Подумав, что ей тоже хочется поужинать, Тибо взял под навесом охапку свежей травы и отнес в хлев.

Как только он открыл дверцу, коза выскочила оттуда так стремительно, что едва не опрокинула хозяина.

Даже не взглянув на принесенный корм, она побежала к дому.

Тибо бросил свою ношу и пошел вслед за беглянкой, собираясь водворить ее на место. Но это оказалось невозможным.
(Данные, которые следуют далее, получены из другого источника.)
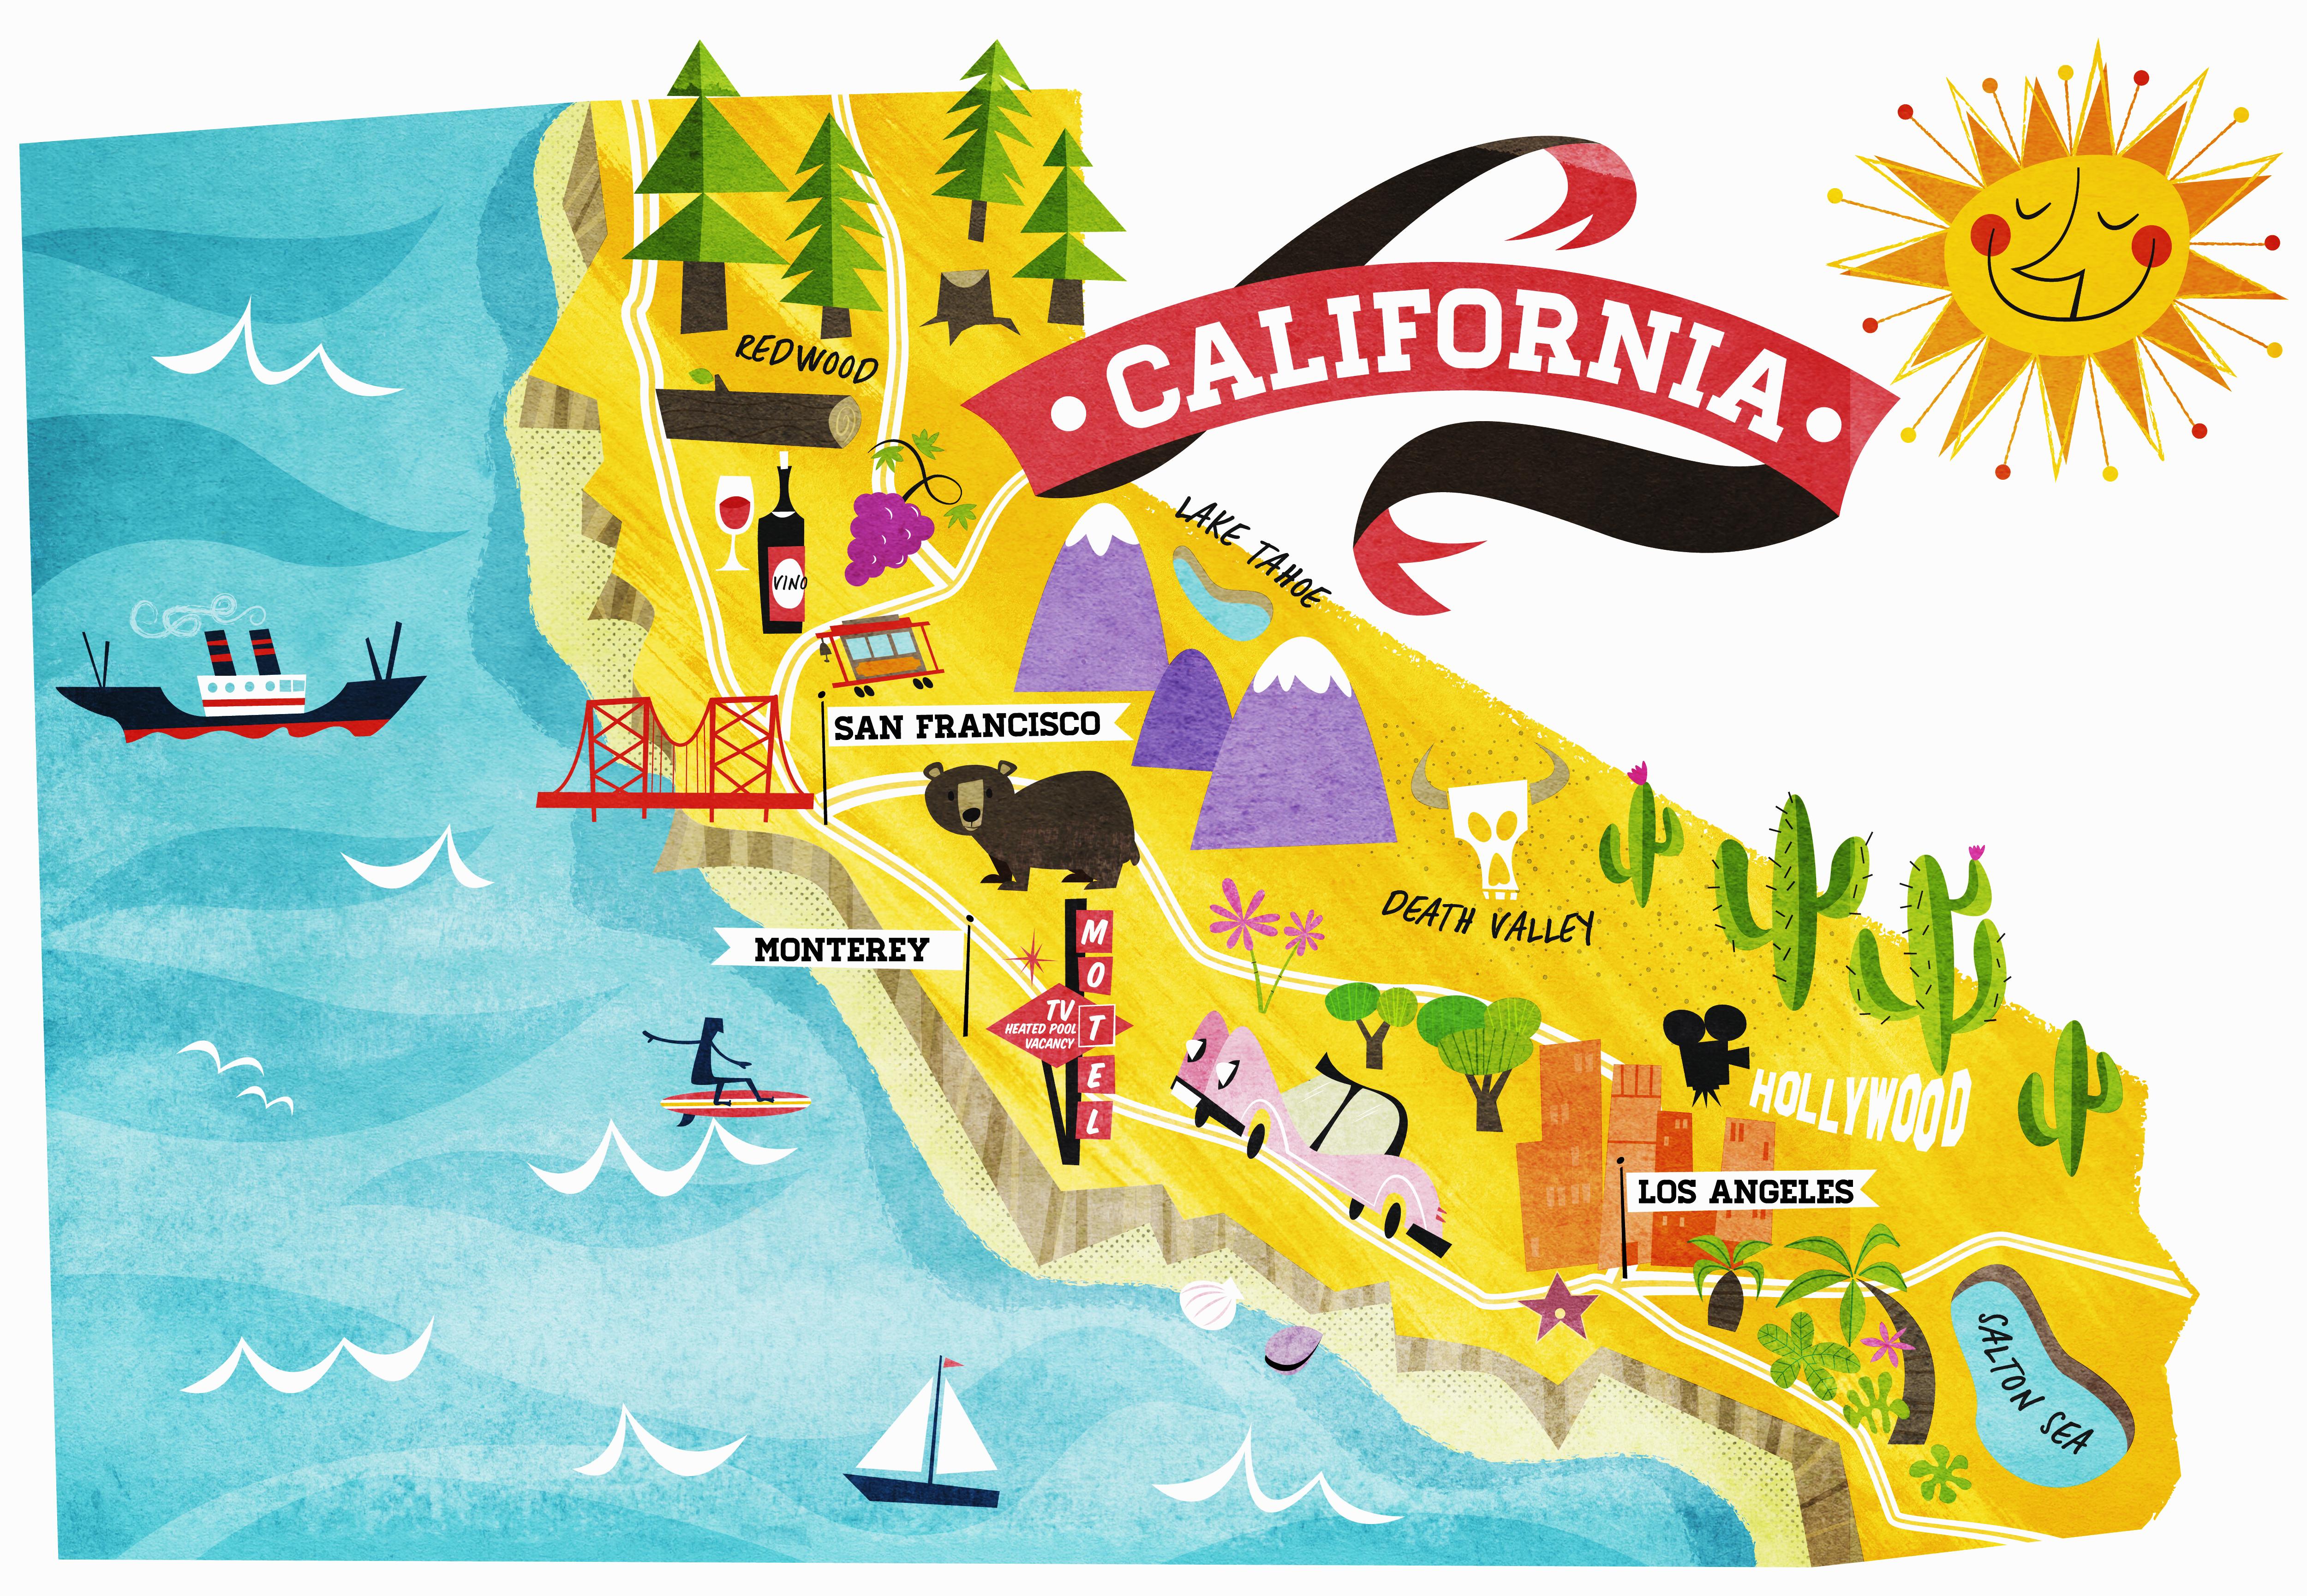 California Coast Attractions Map - Klipy - California Coast Attractions Map

Пришлось тащить ее за рога, а она отчаянно сопротивлялась, пятилась назад, упиралась копытами.

Все же Тибо победил в этой борьбе и загнал козу в хлев.

Но та, не обращая внимания на оставленный ей обильный ужин, продолжала жалобно блеять.

Удивленный и недовольный, Тибо во второй раз оторвался от еды и осторожно, чтобы коза не выскочила, снова открыл дверцу хлева.

Там он принялся искать по всем углам и закоулкам причину испуга козы.

Внезапно он почувствовал под рукой густой жаркий мех незнакомого животного.

Тибо вовсе не был трусом.

И и все же он поспешно отступил.

Взяв в доме лампу, он опять пошел в хлев.

Лампа чуть было не выпала у него из рук, когда он узнал в животном, перепугавшем его козу, оленя барона Жана, — того самого, которого он преследовал и упустил, ради обладания которым, не дождавшись Божьей помощи, призвал на помощь дьявола; того оленя, что ушел от собак; наконец, того, из-за которого был так сильно избит.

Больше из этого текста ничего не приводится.